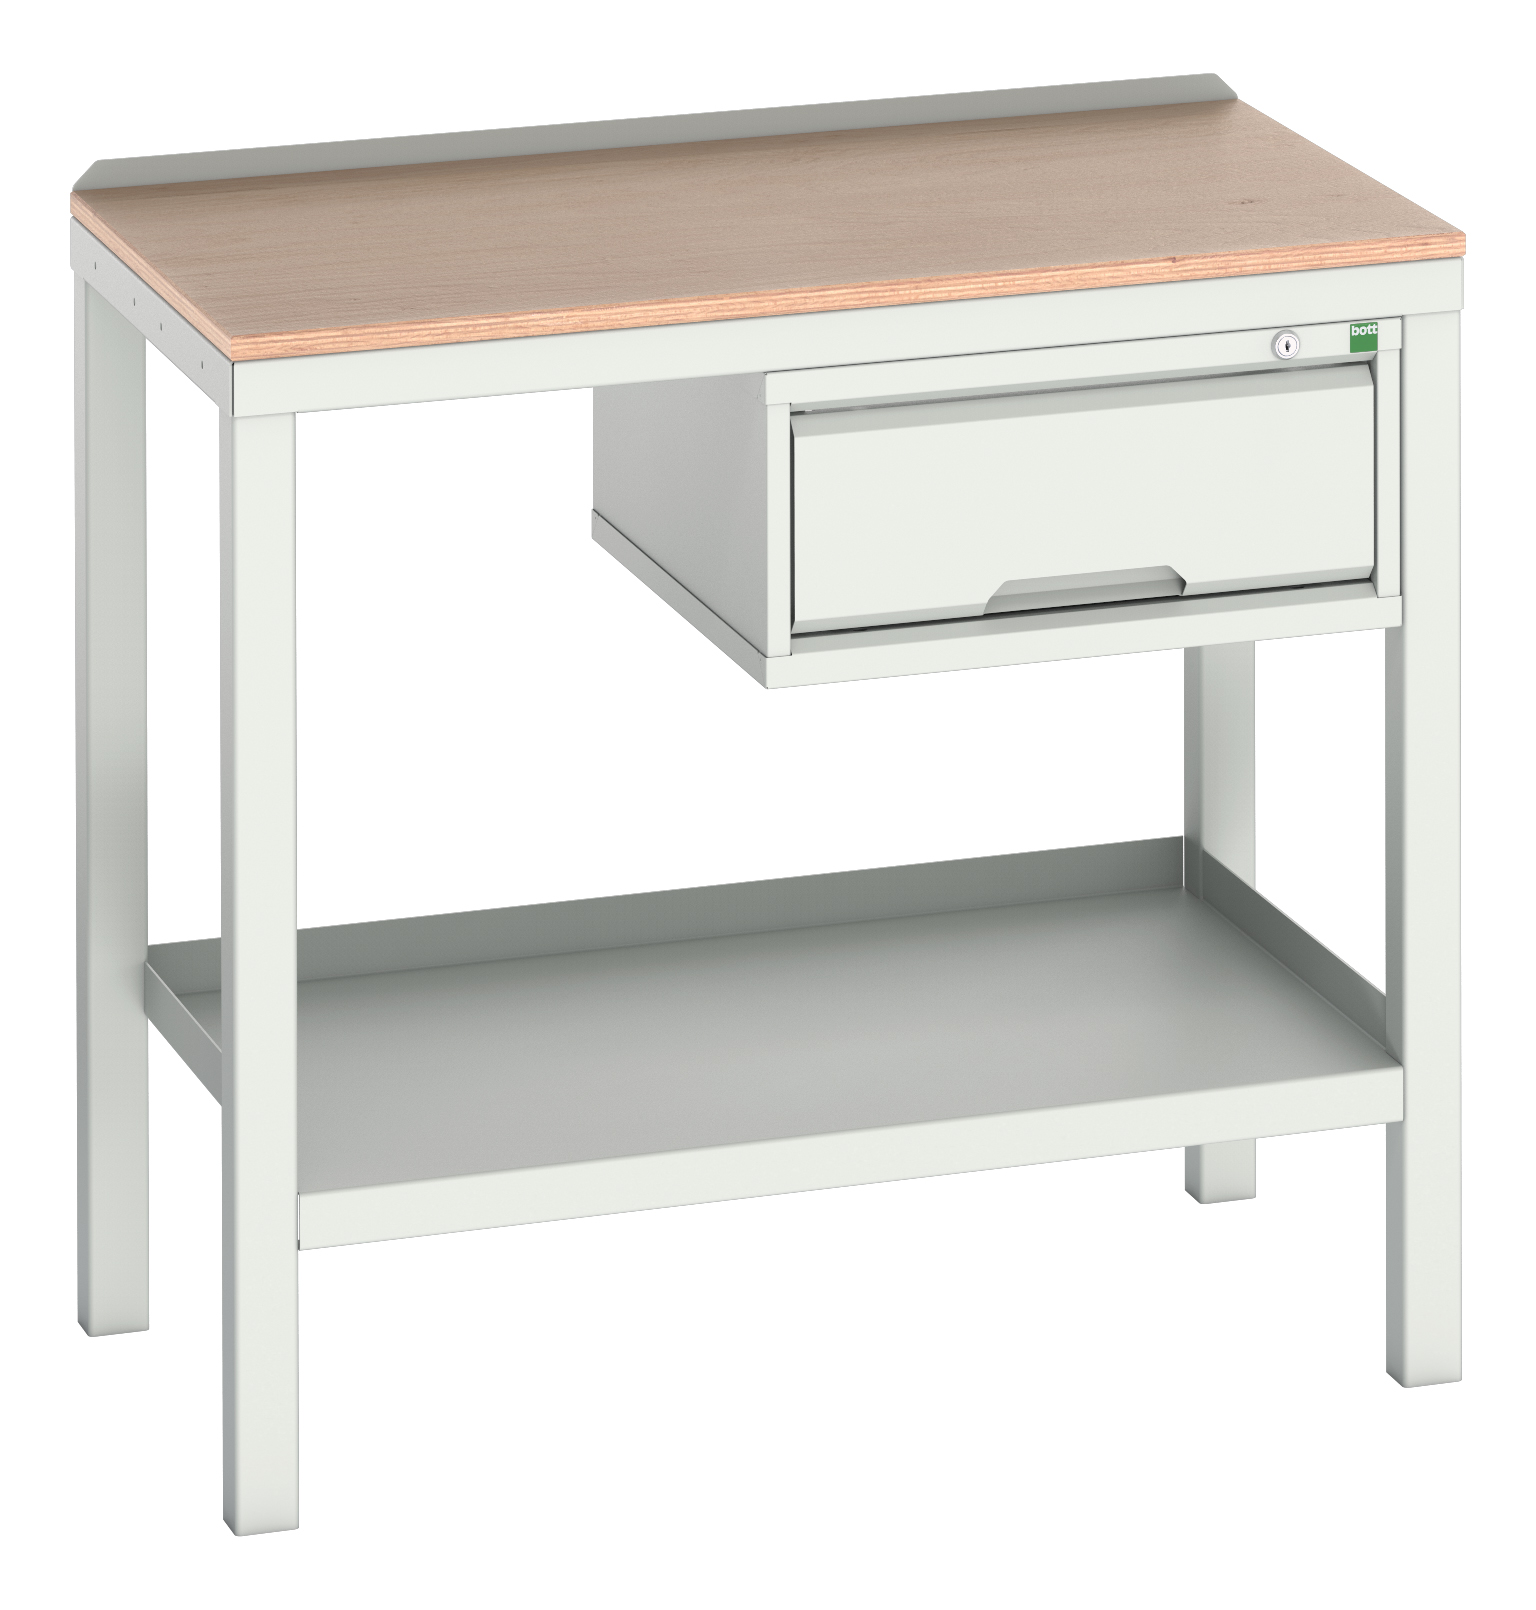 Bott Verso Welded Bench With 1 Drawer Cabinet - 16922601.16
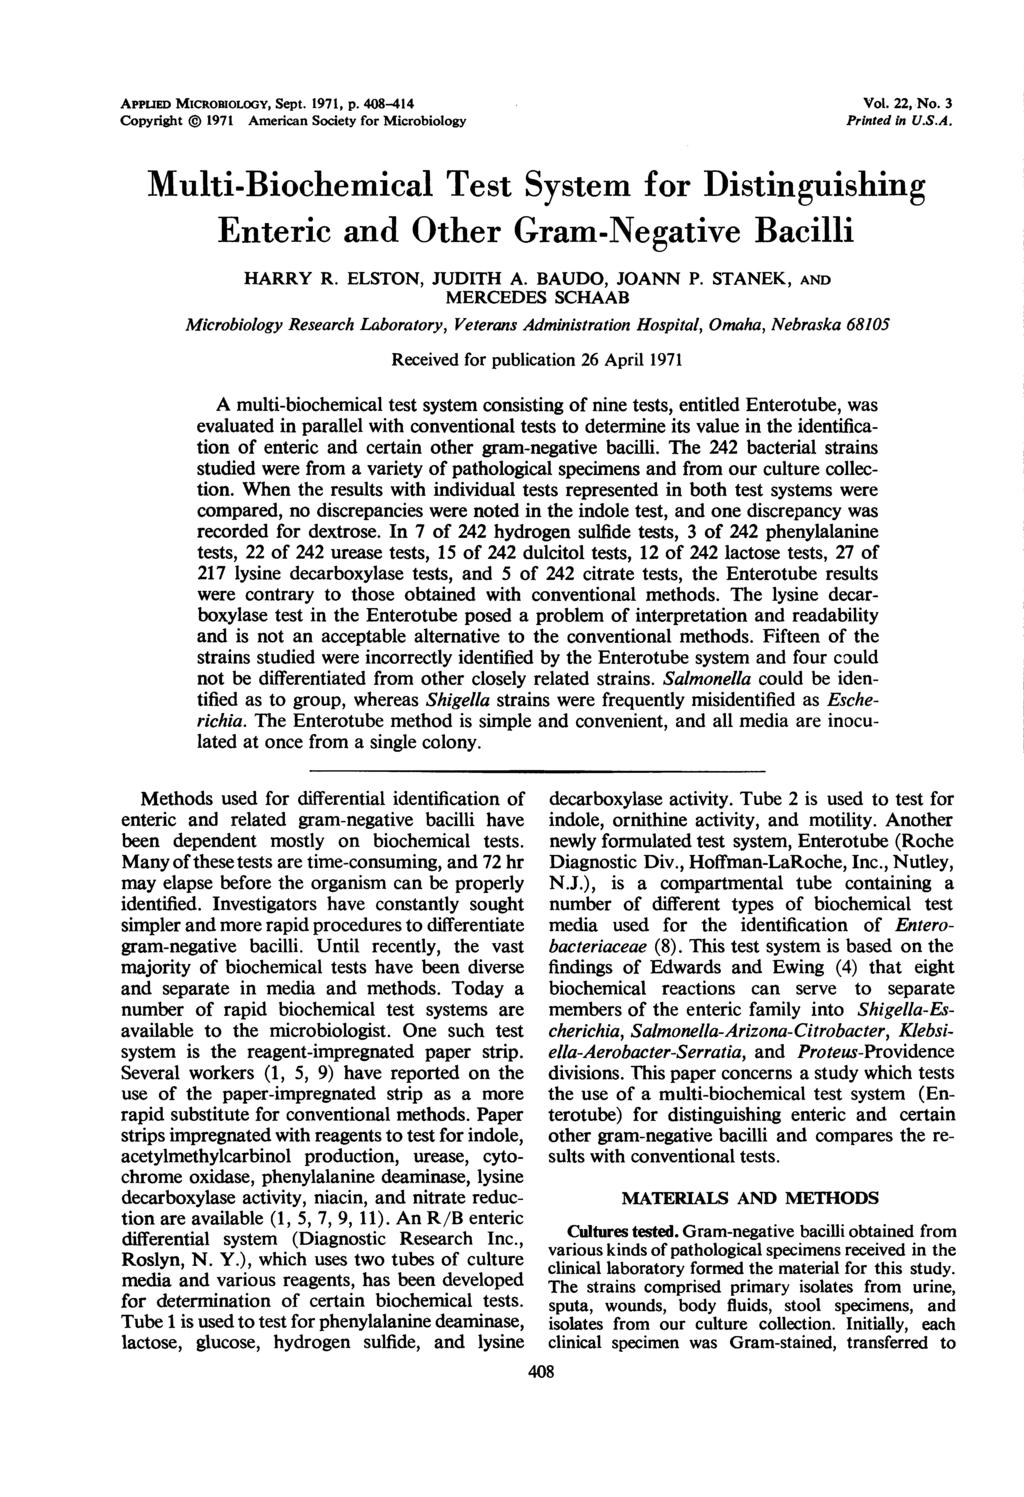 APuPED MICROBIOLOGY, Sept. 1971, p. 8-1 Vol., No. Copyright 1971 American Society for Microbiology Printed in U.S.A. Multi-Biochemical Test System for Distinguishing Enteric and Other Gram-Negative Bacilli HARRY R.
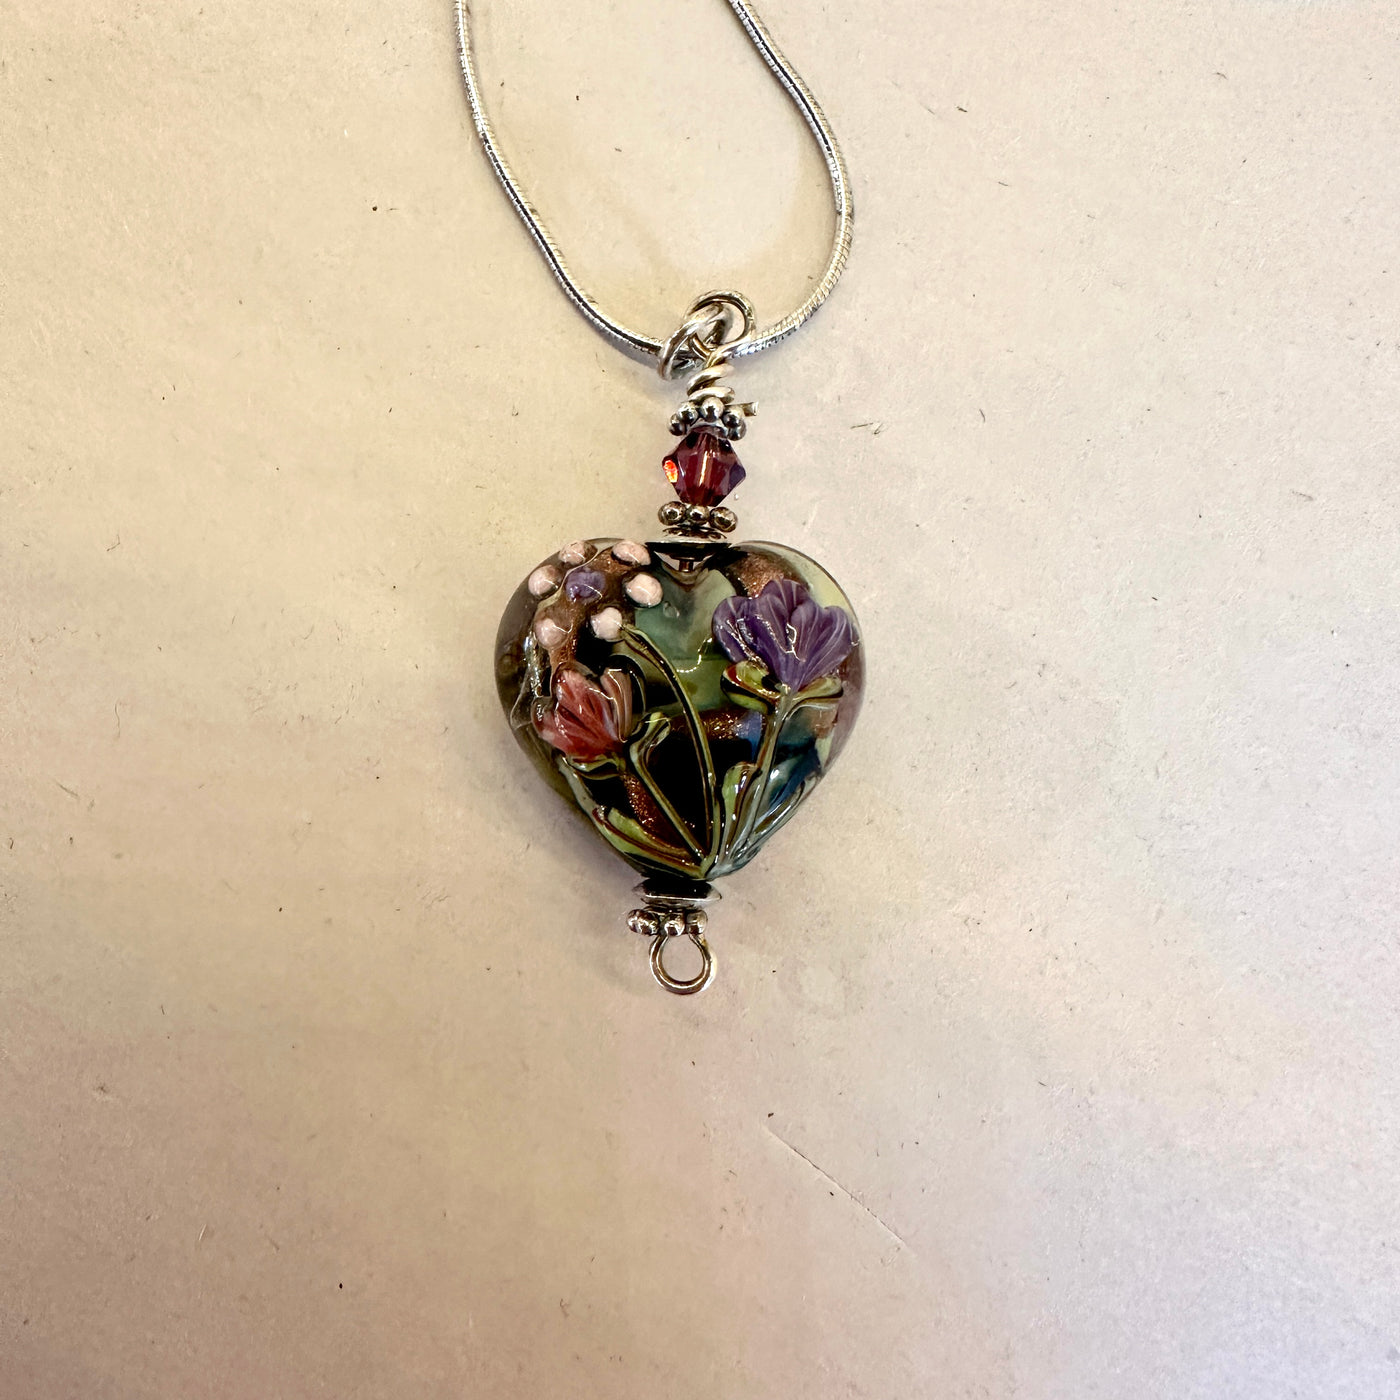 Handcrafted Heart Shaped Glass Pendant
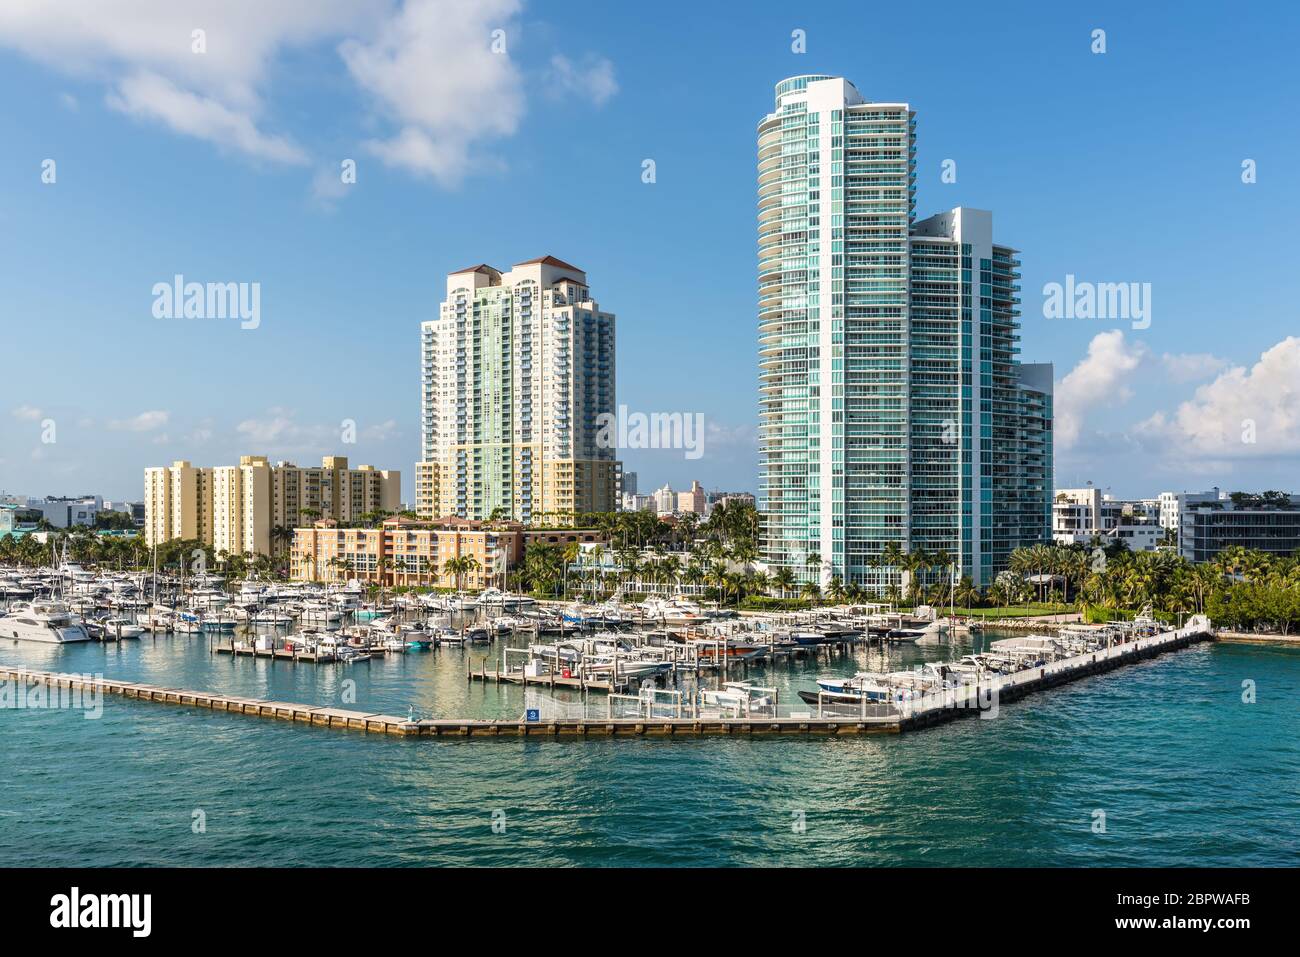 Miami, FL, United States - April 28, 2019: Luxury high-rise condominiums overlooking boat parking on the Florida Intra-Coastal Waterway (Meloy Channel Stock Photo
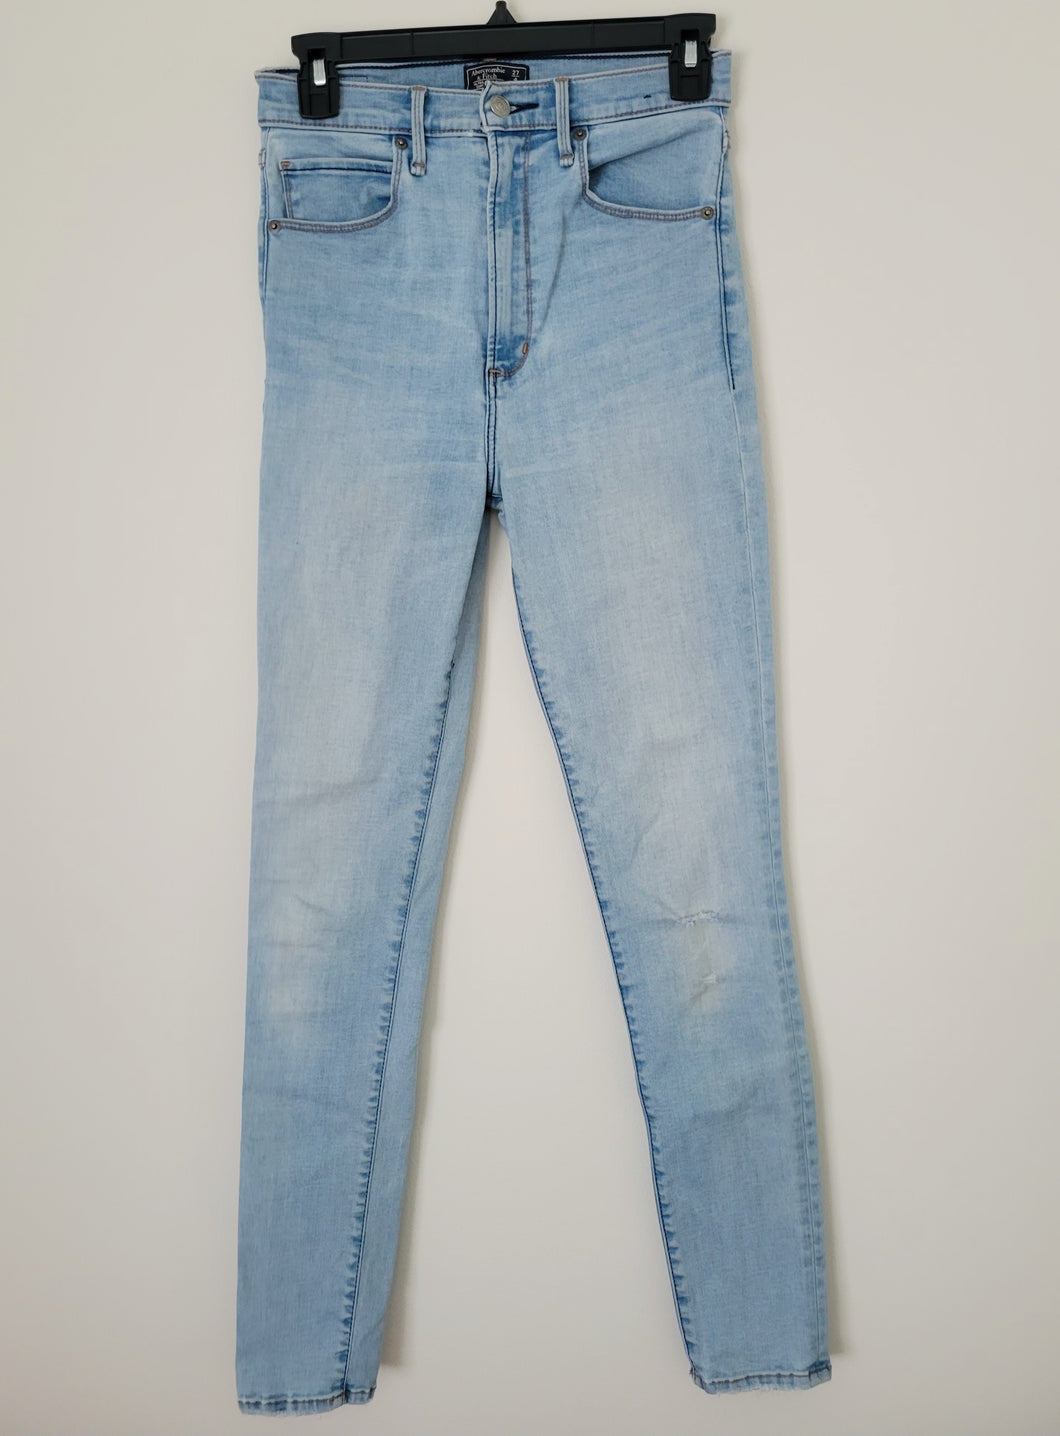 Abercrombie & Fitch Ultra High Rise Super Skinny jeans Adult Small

Your assignment
Word for word, repeat each record above; leave out every picture.

Answer area
 Bott Verso Welded Bench With 1 Drawer Cabinet - 16922601.16
 APuPED MICROBIOLOGY, Sept. 1971, p. 8-1 Vol., No. Copyright 1971 American Society for Microbiology Printed in U.S.A. Multi-Biochemical Test System for Distinguishing Enteric and Other Gram-Negative Bacilli HARRY R.
 Handcrafted Heart Shaped Glass Pendant
 Miami, FL, United States - April 28, 2019: Luxury high-rise condominiums overlooking boat parking on the Florida Intra-Coastal Waterway (Meloy Channel Stock Photo
 Abercrombie & Fitch Ultra High Rise Super Skinny jeans Adult Small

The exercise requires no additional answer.